## Work order
Would you repeat the listing below exactly, with no pictures in it?

+---+

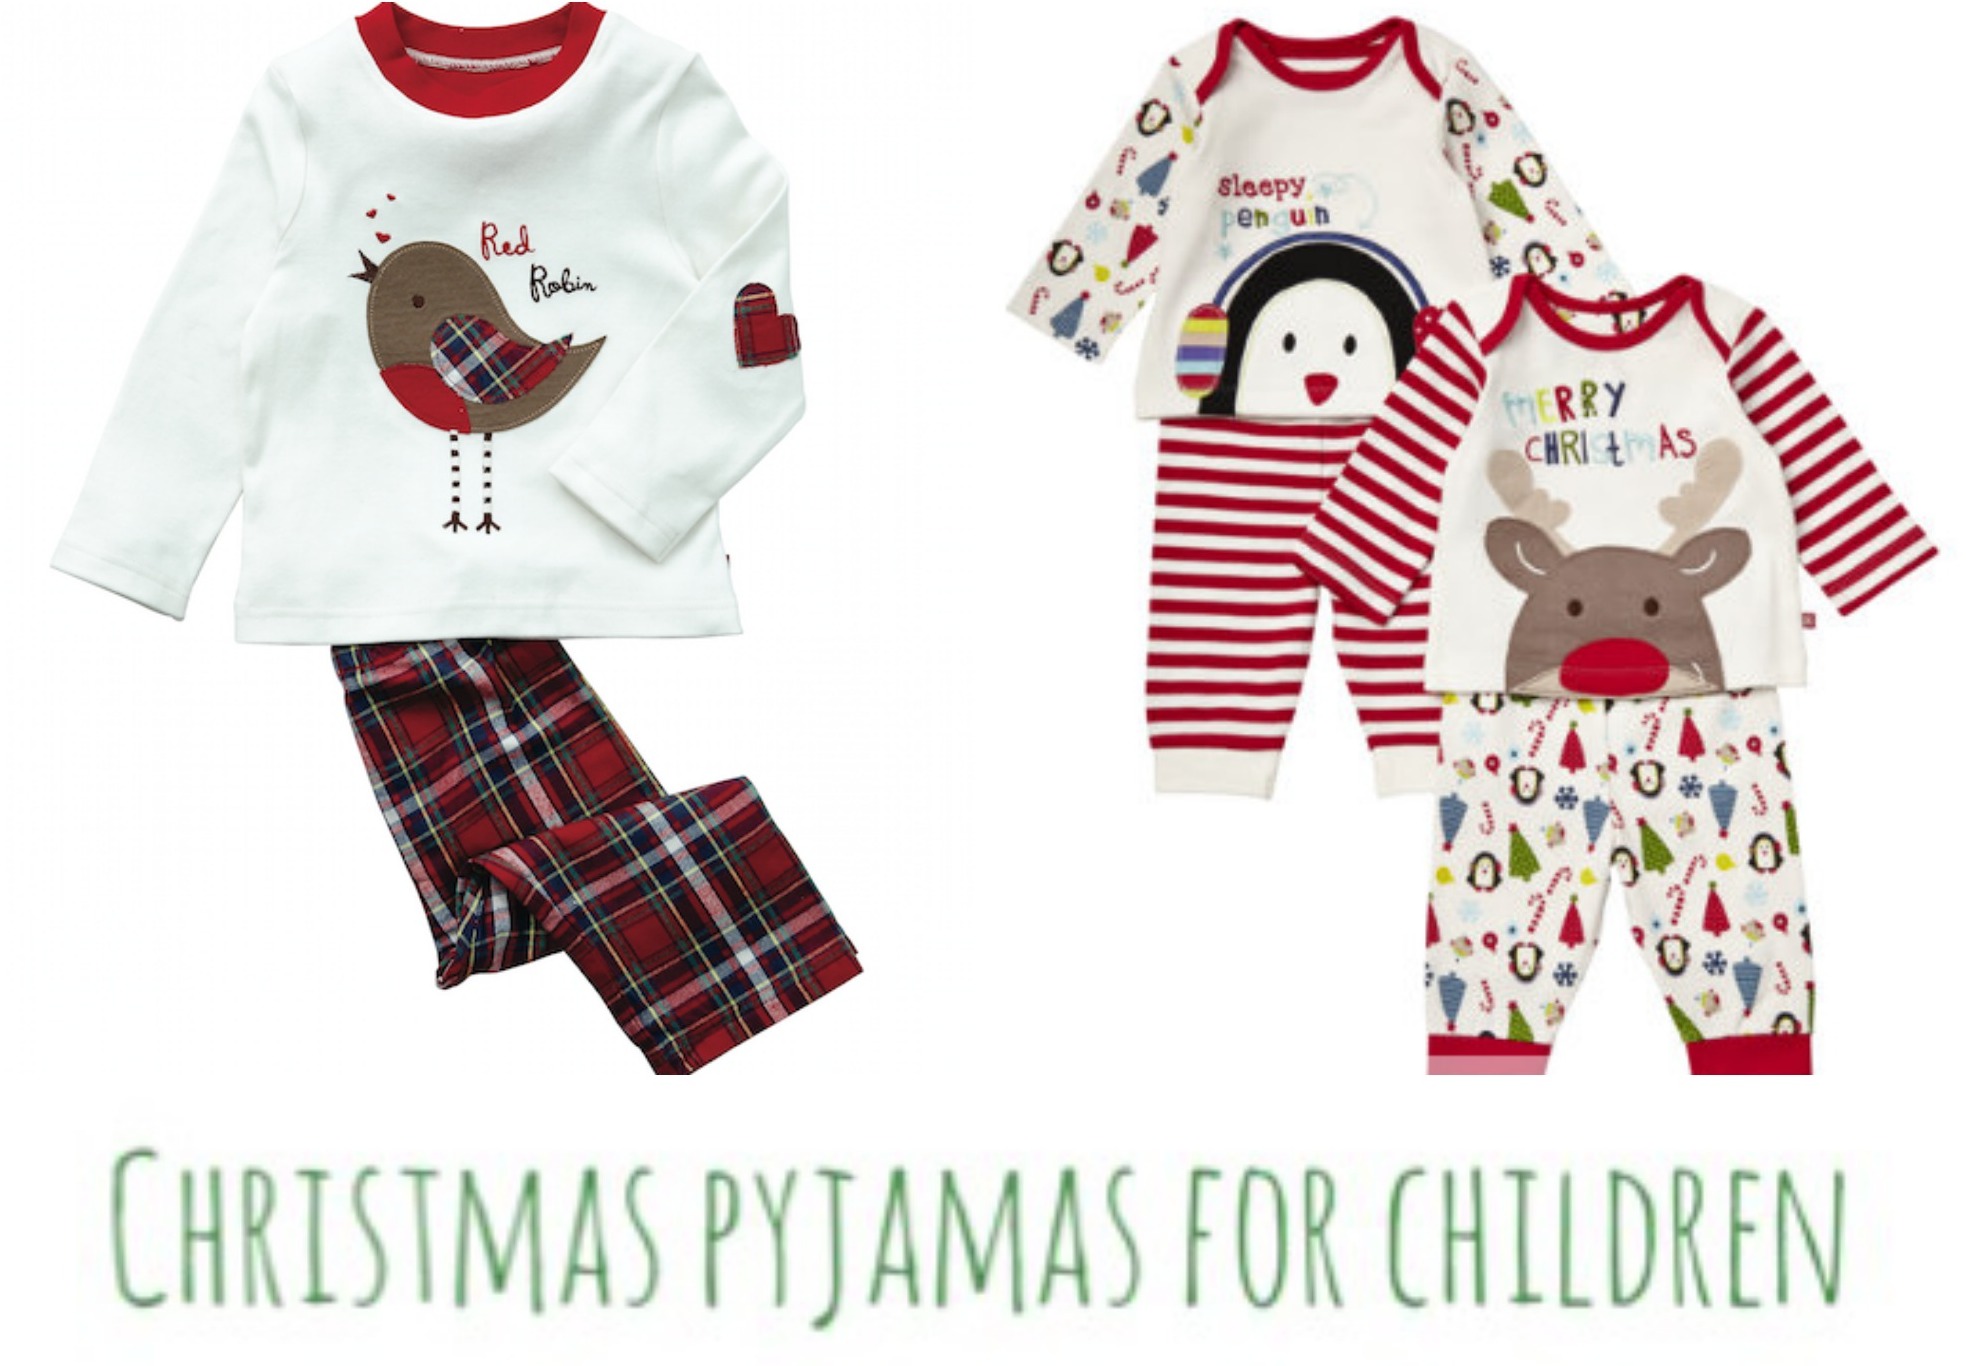 Christmas pyjamas for children | A Baby on Board blog
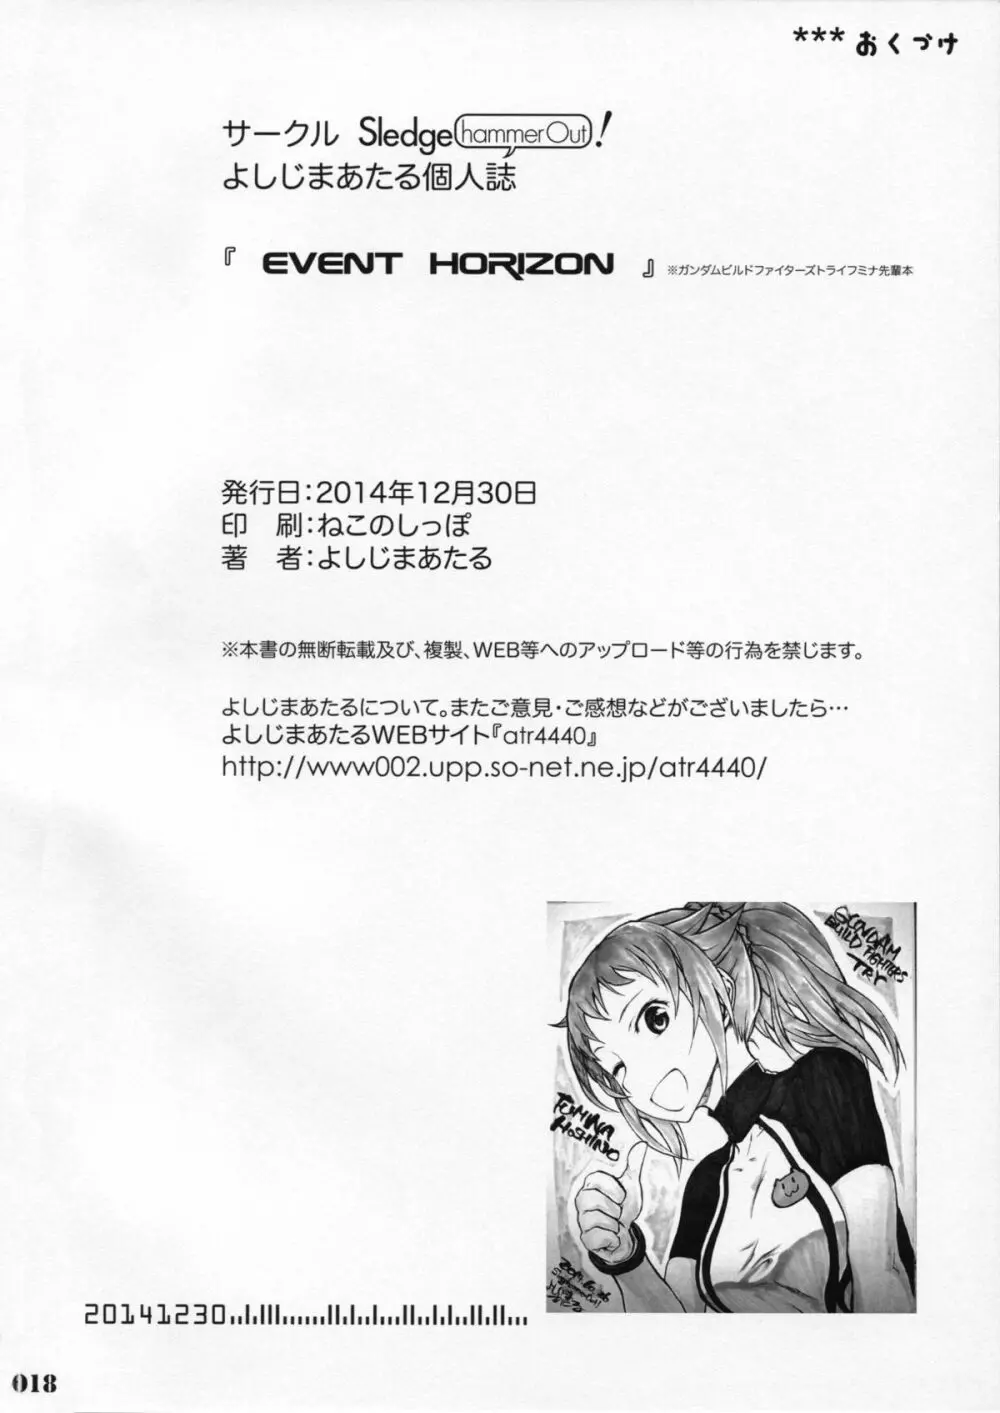 EVENT HORIZON - page17
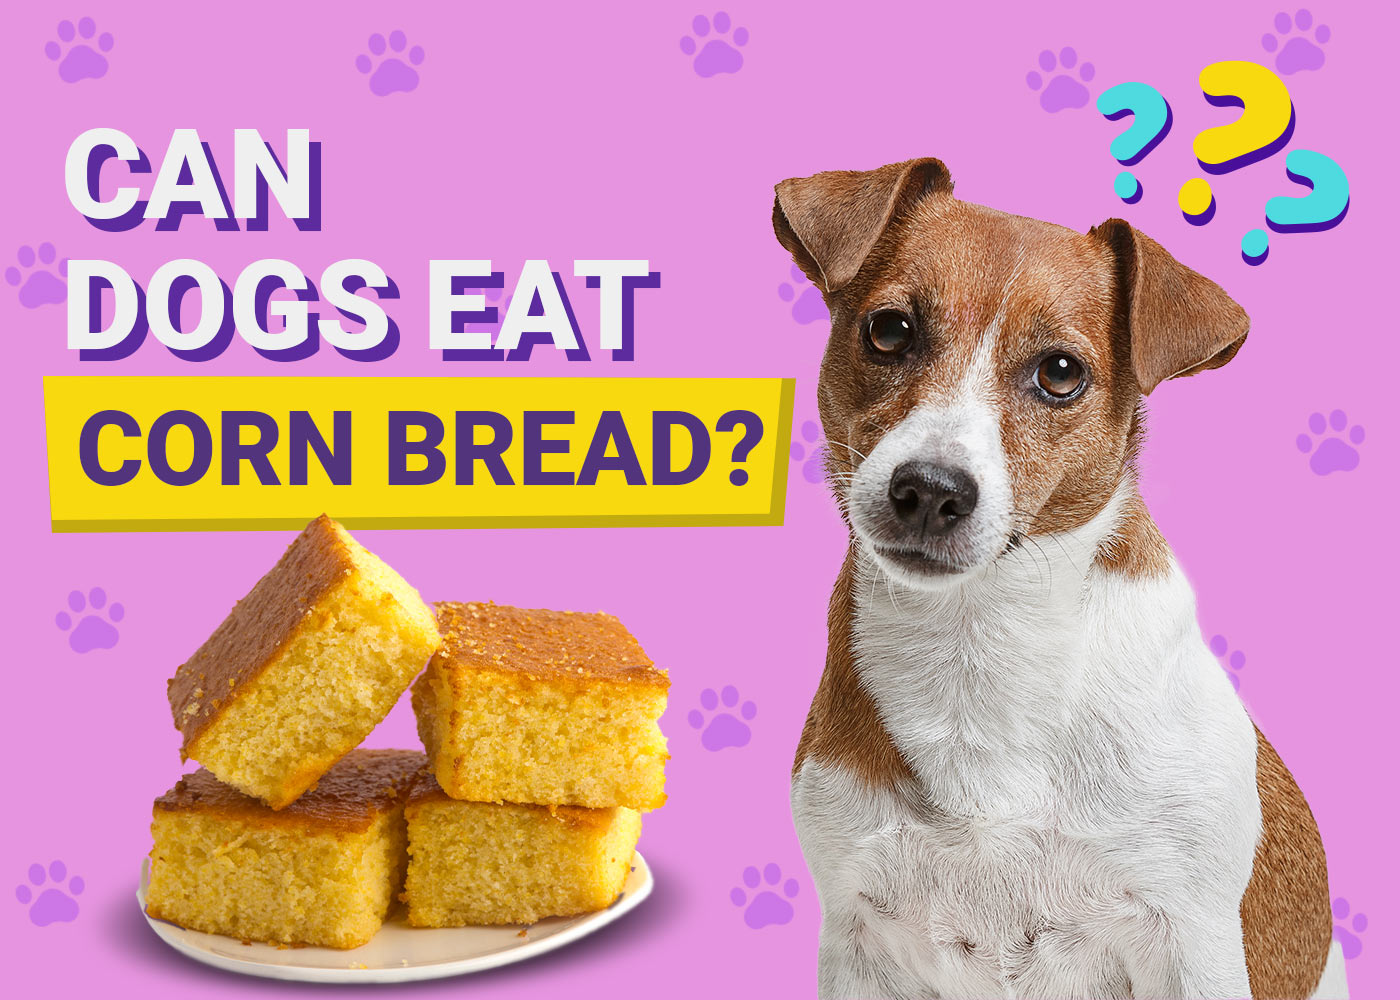 Can Dogs Eat Cornbread
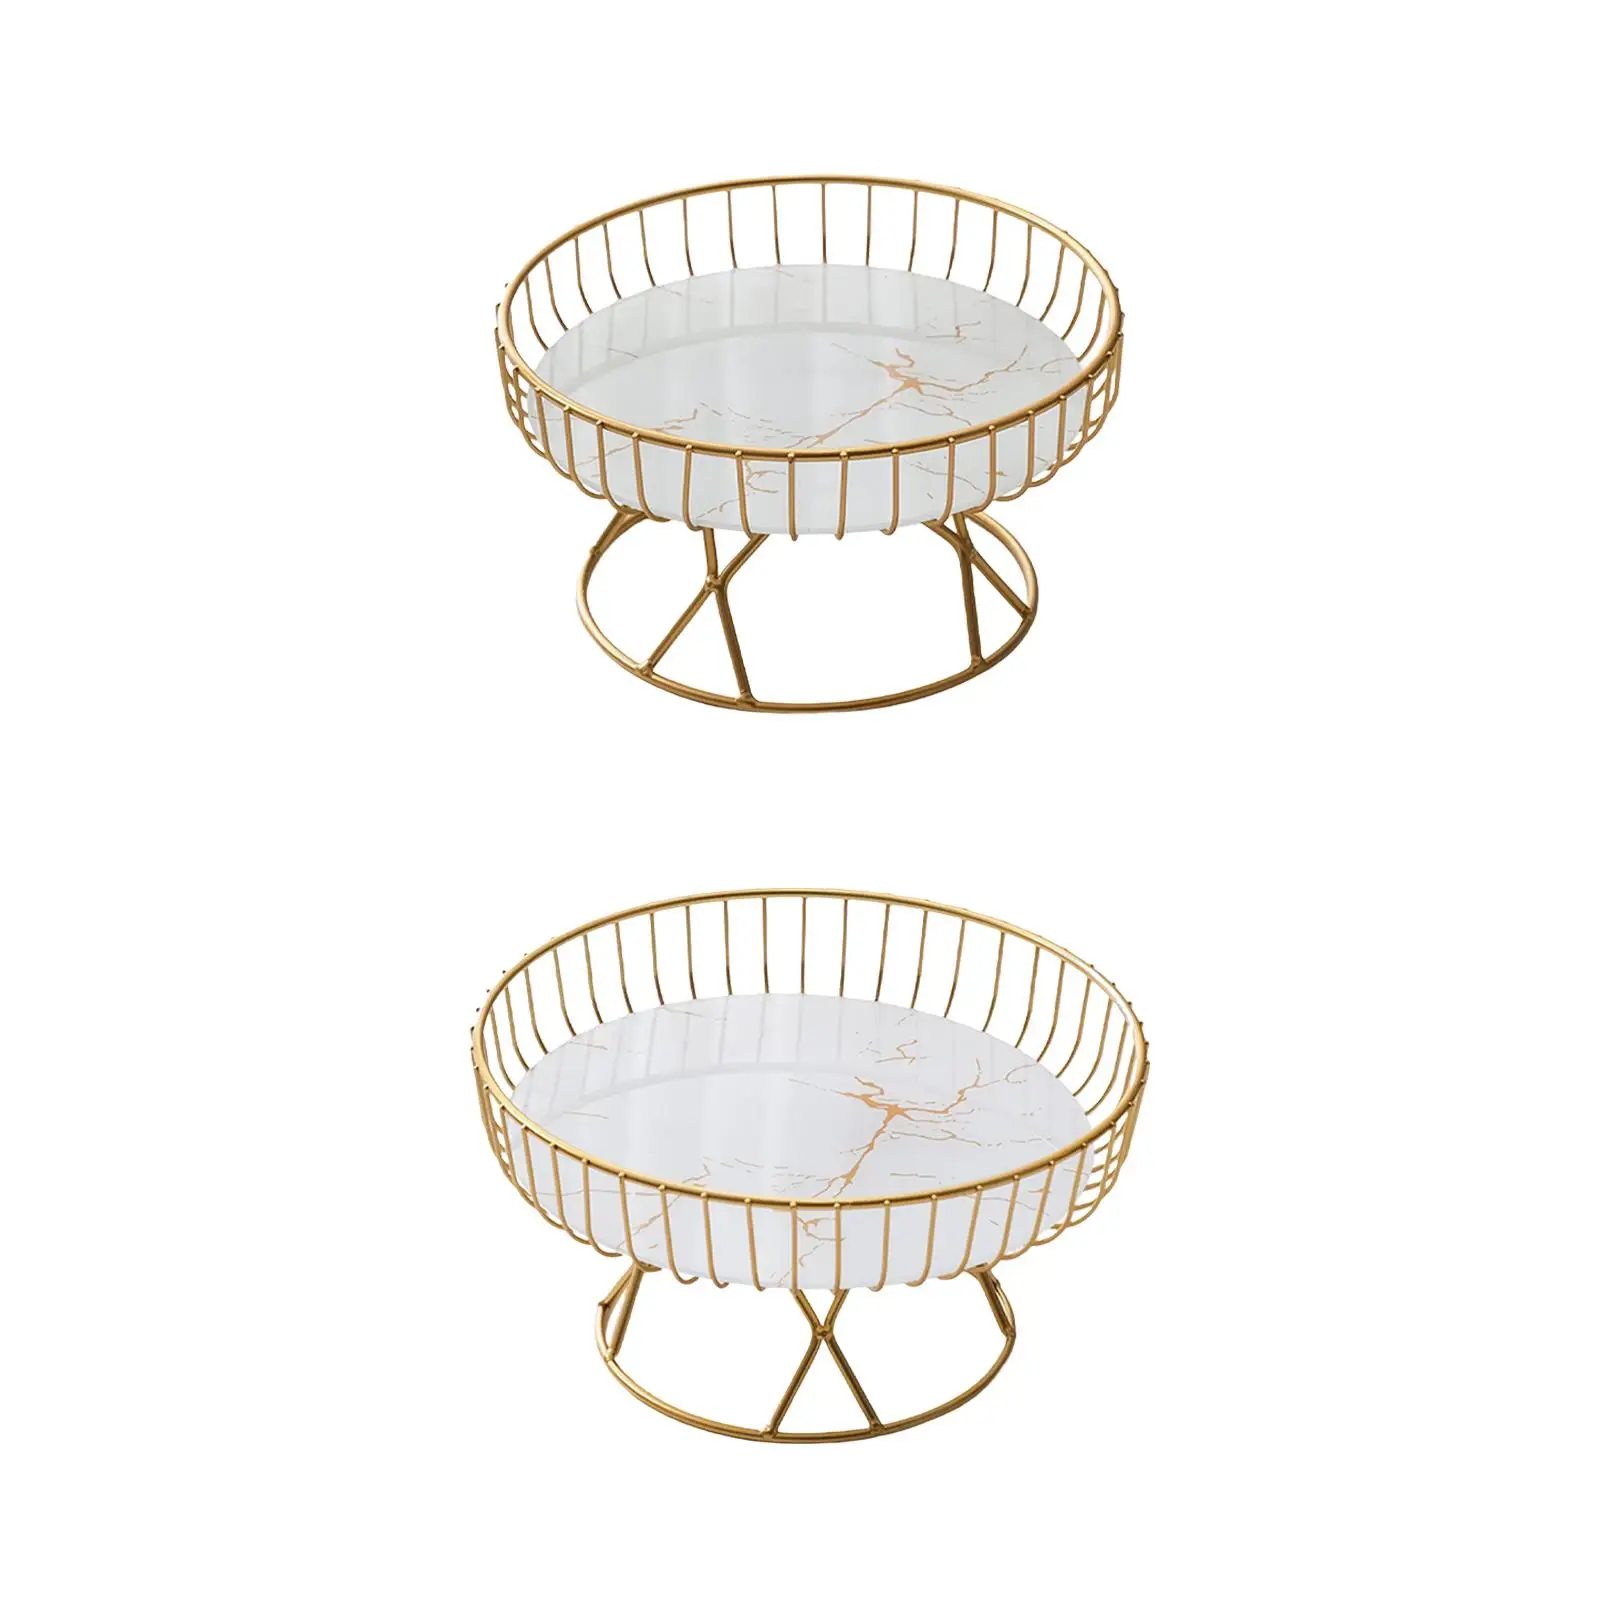 Golden Metal Iron Wire Round Fruit Basket Bowl Table Centerpiece Decorative
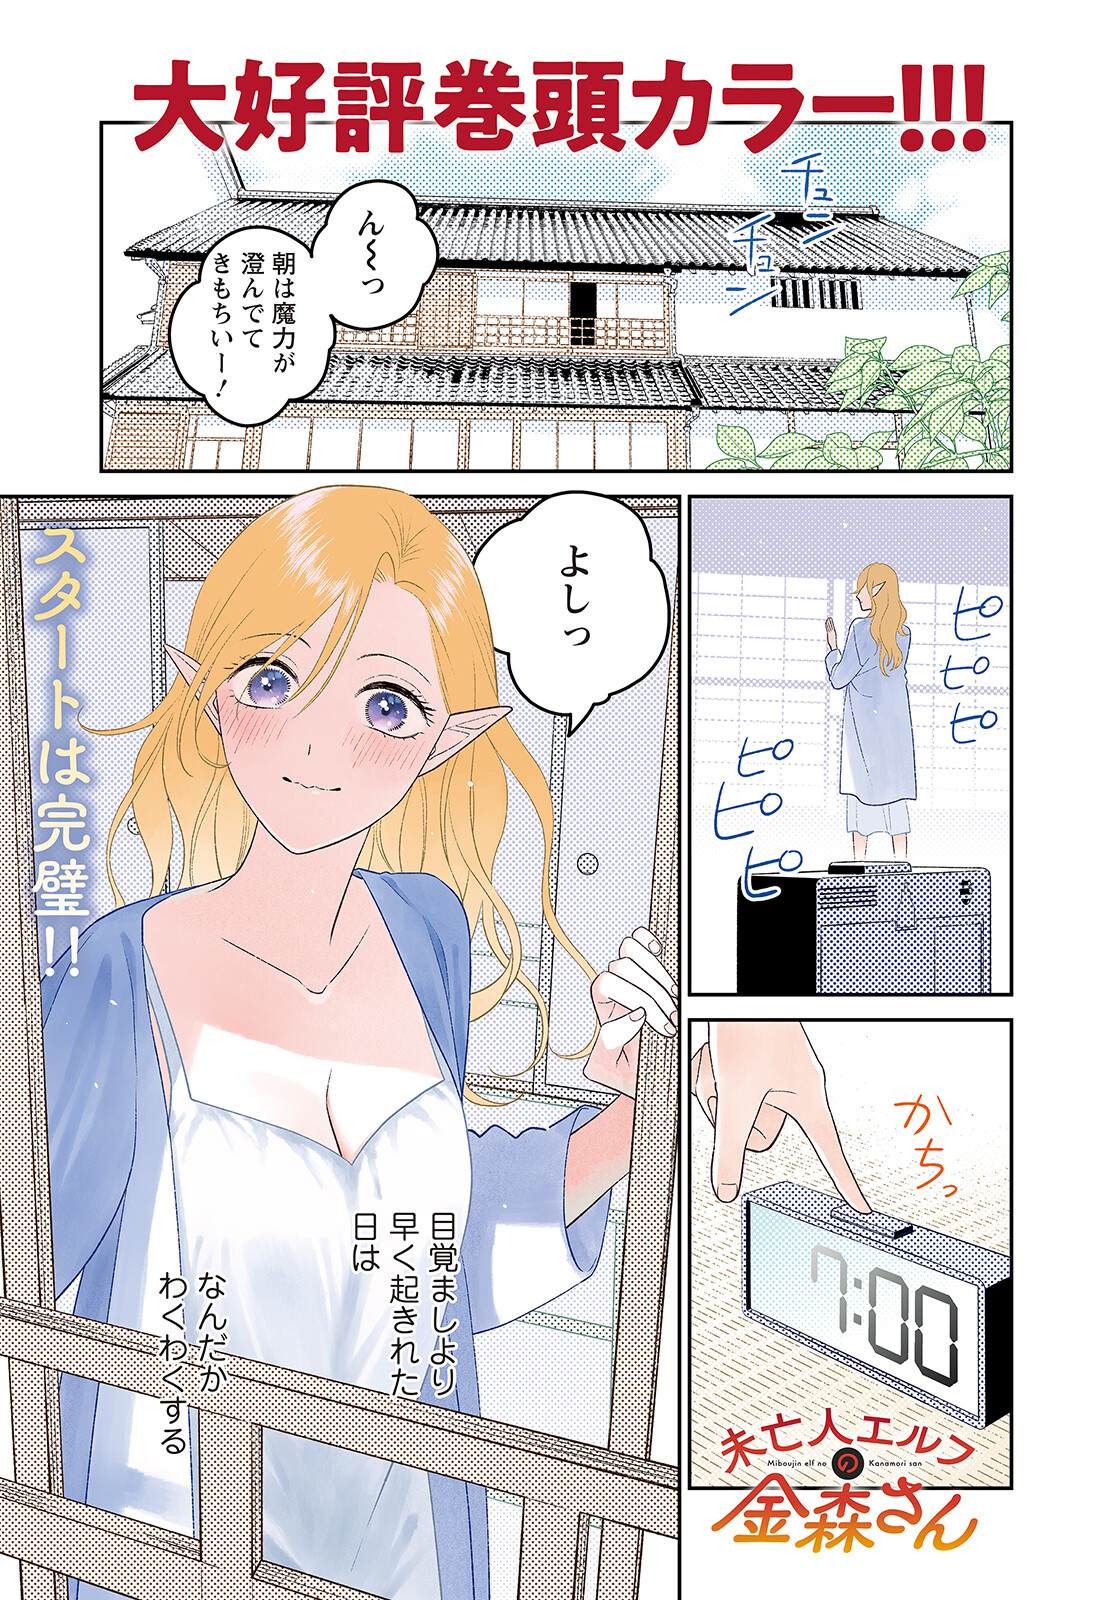 Miboujin Elf no Kanamori-san - Chapter 4 - Page 1

+---+

## Answer for the task
 Christmas pyjamas for children | A Baby on Board blog
 EVENT HORIZON - page17
 Can Dogs Eat Cornbread
 Golden Metal Iron Wire Round Fruit Basket Bowl Table Centerpiece Decorative
 Miboujin Elf no Kanamori-san - Chapter 4 - Page 1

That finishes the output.